Depuis le déclenchement de la guerre au Moyen-Orient le 28 février, les marchés pétroliers mondiaux subissent de fortes turbulences. En cause, la fermeture du détroit d’Ormuz, passage stratégique par lequel transite près d’un tiers de la production mondiale de pétrole. Cette situation exceptionnelle a entraîné une hausse rapide et significative du prix du baril de brut, répercutée presque immédiatement sur les prix à la pompe en France.
Dans ce contexte, les automobilistes français, et notamment ceux de Dijon et de son agglomération, constatent une augmentation sensible du coût des carburants. Diesel comme essence atteignent désormais des niveaux élevés, mettant sous pression le budget des ménages et des professionnels dépendants de leur véhicule.
Face à cette flambée, les autorités ont décidé de renforcer leur vigilance. La Direction générale de la concurrence, de la consommation et de la répression des fraudes a ainsi mené une vaste opération de contrôle afin de vérifier que les prix affichés dans les stations-service correspondent bien à ceux publiés sur le site officiel prix-carburants.gouv.fr. L’objectif est double : garantir la transparence pour les consommateurs et prévenir toute dérive spéculative dans un contexte déjà marqué par de fortes tensions.

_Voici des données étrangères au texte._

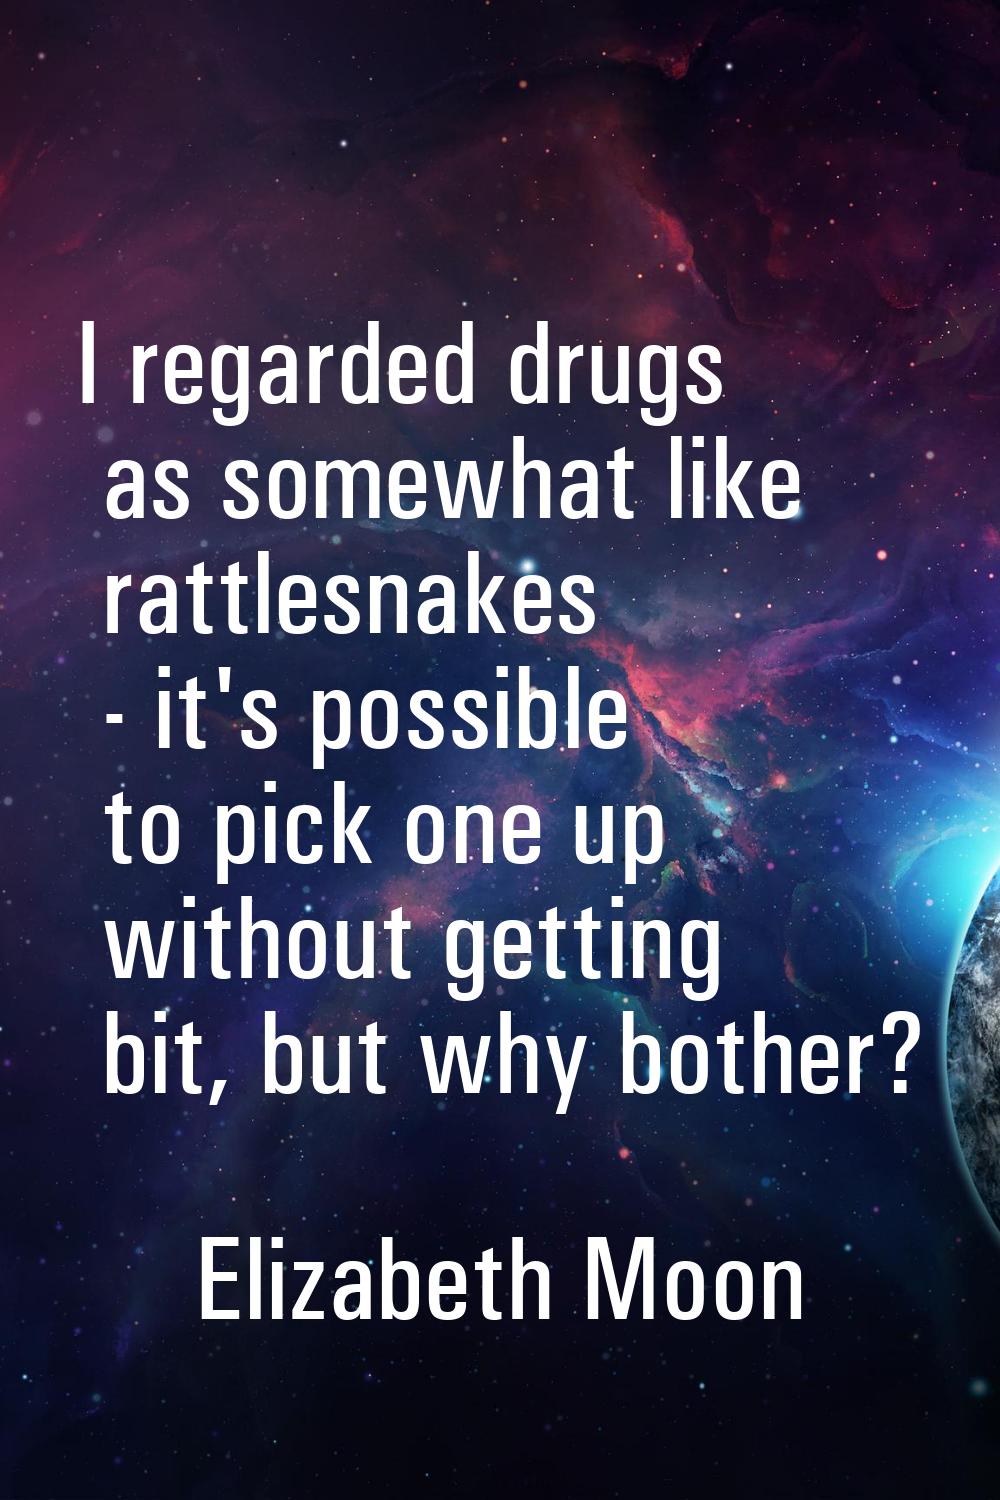 I regarded drugs as somewhat like rattlesnakes - it's possible to pick one up without getting bit,

Malgré cette hausse généralisée, certaines stations-service autour de Dijon parviennent à proposer des tarifs parmi les plus bas du secteur, bien que ceux-ci restent élevés. Pour le gasoil, les cinq stations les moins chères affichent toutes un prix identique de 2,090 euros le litre. Parmi elles figurent plusieurs stations du groupe TotalEnergies, notamment à Talant, Dijon ou encore Longvic, ainsi qu’une station indépendante située rue de Mayence à Dijon. Cette uniformité tarifaire illustre la tension actuelle sur le marché, où les marges de manœuvre restent limitées.
Du côté de l’essence SP95, les prix varient légèrement davantage. La station de la rue de Mayence à Dijon se distingue avec un tarif de 1,990 euro le litre, tandis que d’autres enseignes comme Intermarché à Fontaine-lès-Dijon ou Super U à Talant affichent des prix autour de 2,029 euros. Certaines stations, notamment Avia ou Carrefour Market à Chevigny-Saint-Sauveur, proposent quant à elles des tarifs légèrement supérieurs, atteignant 2,039 euros le litre.
Concernant l’essence SP98, la situation est encore plus homogène. Les stations les moins chères, toutes exploitées par TotalEnergies, affichent un prix identique de 1,990 euro le litre. Ce niveau correspond directement aux mesures de plafonnement mises en place par le groupe pétrolier.
Dans un communiqué de presse publié le 31 mars 2026, TotalEnergies a en effet annoncé la prolongation de son dispositif exceptionnel de plafonnement des prix jusqu’au 7 avril. Dans ses 3 300 stations en France métropolitaine, le groupe s’engage à limiter le prix de l’essence à 1,99 euro le litre et celui du diesel à 2,09 euros le litre. Cette décision intervient dans un contexte de forte remontée des cours, en particulier pour le diesel, dont la France est largement importatrice, et vise notamment à accompagner les automobilistes à l’approche du week-end de Pâques.
Le groupe précise également que ses clients abonnés aux offres d’électricité et de gaz peuvent bénéficier d’un avantage supplémentaire. Inscrits à l’offre dite « avantage carburant », ils profitent d’un prix plafonné à 1,99 euro le litre pour tous les carburants tout au long de l’année 2026. Le montant de la remise est directement indiqué sur le ticket de caisse, garantissant une certaine transparence.
TotalEnergies insiste par ailleurs sur sa politique de fixation des prix, affirmant répercuter sans délai les fluctuations des cours internationaux, qu’elles soient à la hausse ou à la baisse. Une position qui se veut rassurante dans un marché particulièrement volatil.
Reste que les perspectives demeurent incertaines. Tant que la situation géopolitique au Moyen-Orient restera instable et que le détroit d’Ormuz demeurera inaccessible, les tensions sur les approvisionnements pourraient se prolonger. Dans ce contexte, les prix des carburants devraient rester élevés, voire continuer à augmenter.
Pour les automobilistes dijonnais comme pour l’ensemble des Français, cette crise rappelle la forte dépendance aux marchés énergétiques mondiaux. À court terme, les dispositifs de plafonnement offrent un répit relatif. Mais à plus long terme, c’est bien la question de la transition énergétique et de la réduction de la dépendance au pétrole qui se pose avec une acuité renouvelée.